Benarkah Ngidam Cuma Mitos?

By nova.id, Rabu, 7 April 2010 | 17:52 WIB
Benarkah Ngidam Cuma Mitos (nova.id)

BELUM SIAP

Sebenarnya, lanjut Nasdaldy, persoalan mengidam bisa dilihat dari latar belakangnya. Mungkin saja si wanita mendengar cerita dari orang-orang tentang pengalaman mengidam, lalu ia jadi ingin ngidam juga. "Ada pasien saya yang semula tak ngidam apa-apa, tapi begitu mendengar cerita dari temannya, ia kemudian ngidam juga."

Latar belakang budaya juga ikut berpengaruh. Di negara Barat, misalnya, tak ditemukan istilah mengidam. "Buku-buku kedokteran Barat tak secara khusus menulis soal ngidam. Paling-paling ditulis, wanita yang sedang hamil muda gejalanya mual, muntah, dan sebagainya," tutur Nasdaldy.

Lagipula, tambahnya, di negara Barat orang sudah biasa mandiri. Mereka sudah sadar bahwa kehamilan membutuhkan kesiapan mental dan fisik. Nah, mereka yang mengidam ini, mungkin saja belum siap hamil. "Karena jika belum siap hamil, besar kemungkinan mentalnya juga belum siap. Akibatnya, ia 'meminta perhatian' dari sang suami."

Karena itulah, tegas Nasdaldy, kehamilan amat perlu disiapkan. Jangan sampai si wanita merasa cuma ia sendiri yang menanggung kehamilannya, padahal itu hasil "produksi" berdua. "Bayangkan saja, kepala pusing, meriang, mual, dan inginnya muntah terus. Ini, kan, beban bagi wanita."

Lain halnya jika pasangan, khususnya wanita, sudah merencanakan kehamilan dengan baik dan menyadari risiko dari kehamilan. Tingkat mengidamnya bisa berkurang karena ia sudah siap menghadapi segala risiko. "Dengan menyadari dampak yang bakal timbul pada saat hamil, wanita bisa menyiapkan dirinya. Termasuk mengatasi perasaan dan kondisi tubuh yang sangat tak nyaman," tutur Nasdaldy.
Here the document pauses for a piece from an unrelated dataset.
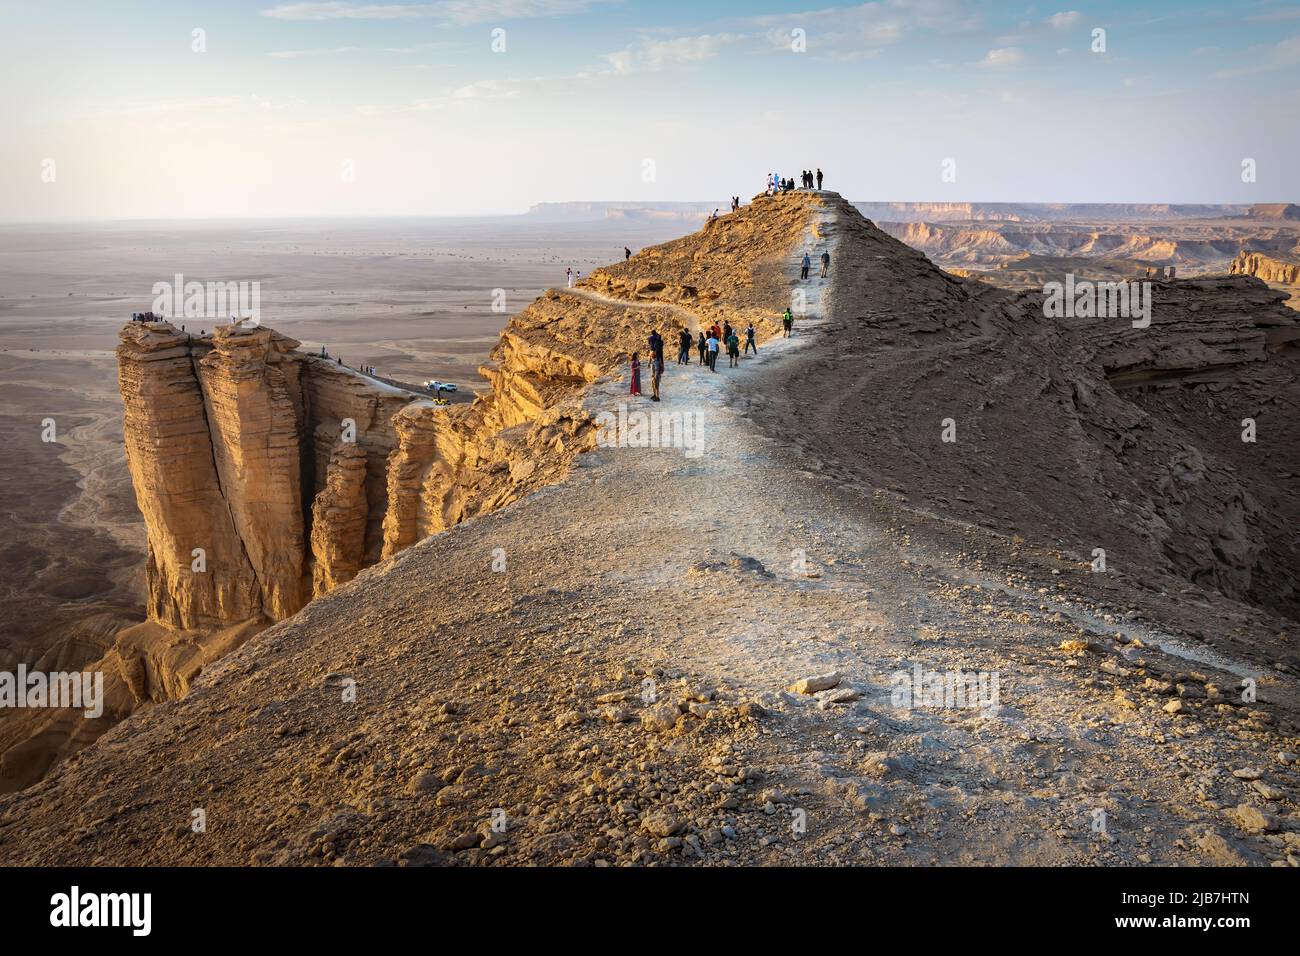 Edge of the World, a natural landmark and popular tourist destination near Riyadh -Saudi Arabia. Stock Photo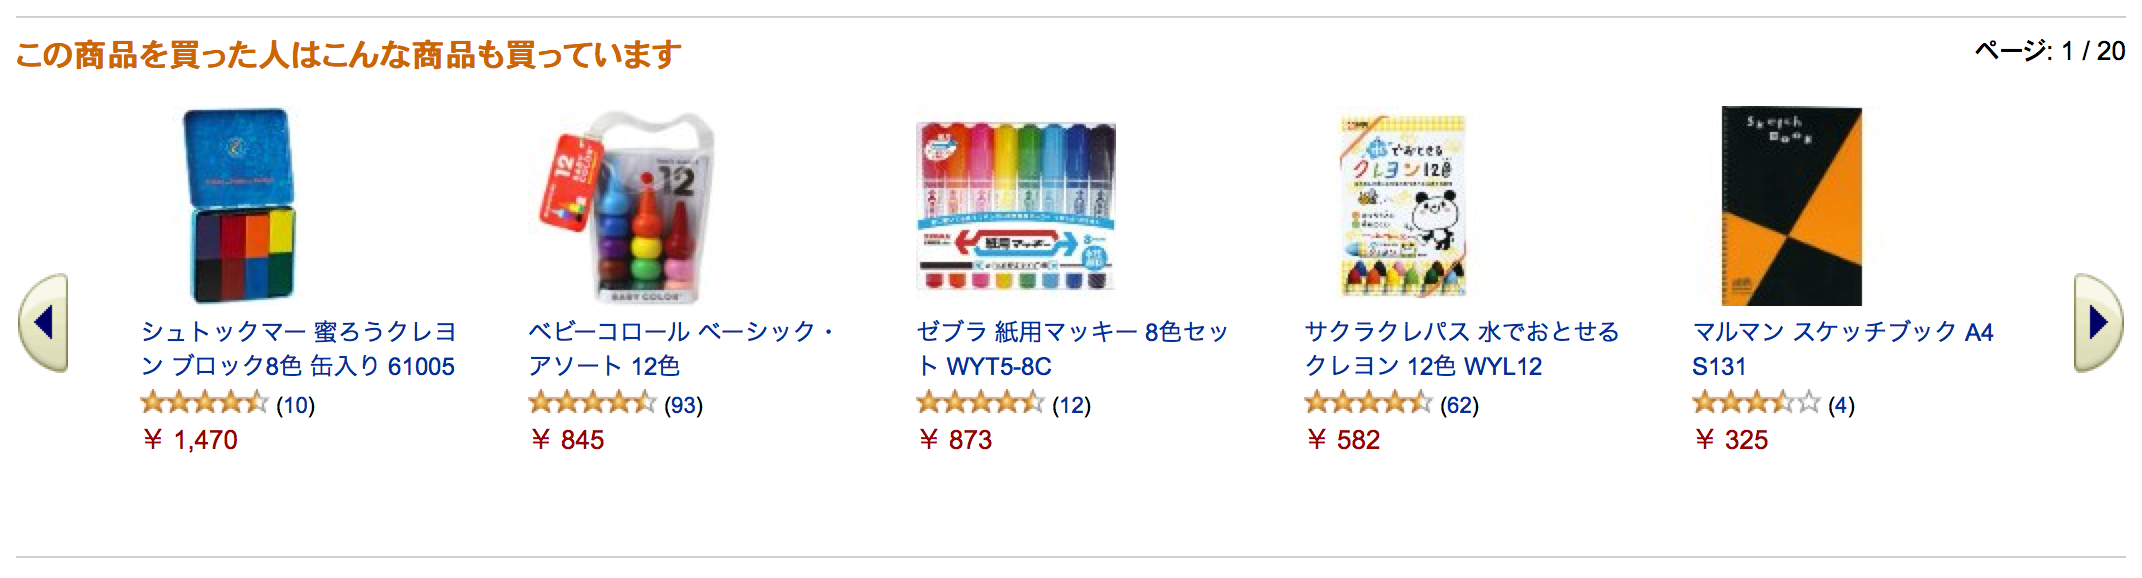 Amazon (amazon.co.jp) における「この商品を買った人はこんな商品も買っています」のカルーセル

Buat para suami, jangan anggap enteng, lo, soal persiapan kehamilan ini. Sebab,ketidaksiapan istri menghadapi kehamilan adakalanya dapat menimbulkan keinginan "balas dendam" lewat mengidam. "Tapi sangat jarang terjadi dan sifatnya sangat kasuistik," kata Dharmayati.

Kendati demikian, para suami perlu berhati-hati. Terlebih jika hubungannya dengan istri sudah tak baik. Jangan sampai suami menuntut harus punya anak sesegera mungkin padahal istrinya sama sekali belum siap. Apalagi ditambah tak ada perhatian sama sekali dari suami selama kehamilan. "Ya, si istri pasti akan marah besar. Jadilah ia 'balas dendam' lewat mengidam."

BUKAN MAUNYA JANIN

Alhasil, mengidam juga tak ada kaitannya dengan si jabang bayi. Apalagi berpengaruh langsung terhadap sang janin jika ngidamnya si calon ibu tak terpenuhi. "Yang minta, kan, sang ibu, bukan si janin di kandungan!" tukas Nasdaldy.

Yang sebenarnya terjadi ialah ada konflik psikologis pada si calon ibu apabila ngidamnya tak terpenuhi. "Nah, konflik psikologis ini bisa bermacam-macam. Mulai dari perasaan menolak kehamilan, yang bisa berpengaruh pada bayi. Perasaan reject pada kehamilan ini memungkinkan terjadi kelainan pada bayi," terang Nasdaldy.

Dharmayati membenarkan, "Depresi yang dialami ibu hamil akan besar sekali kaitannya dengan janin. Meskipun belum ada penelitian yang jelas menunjukkan bahwa ibu hamil yang depresi akan melahirkan anak yang depresi pula."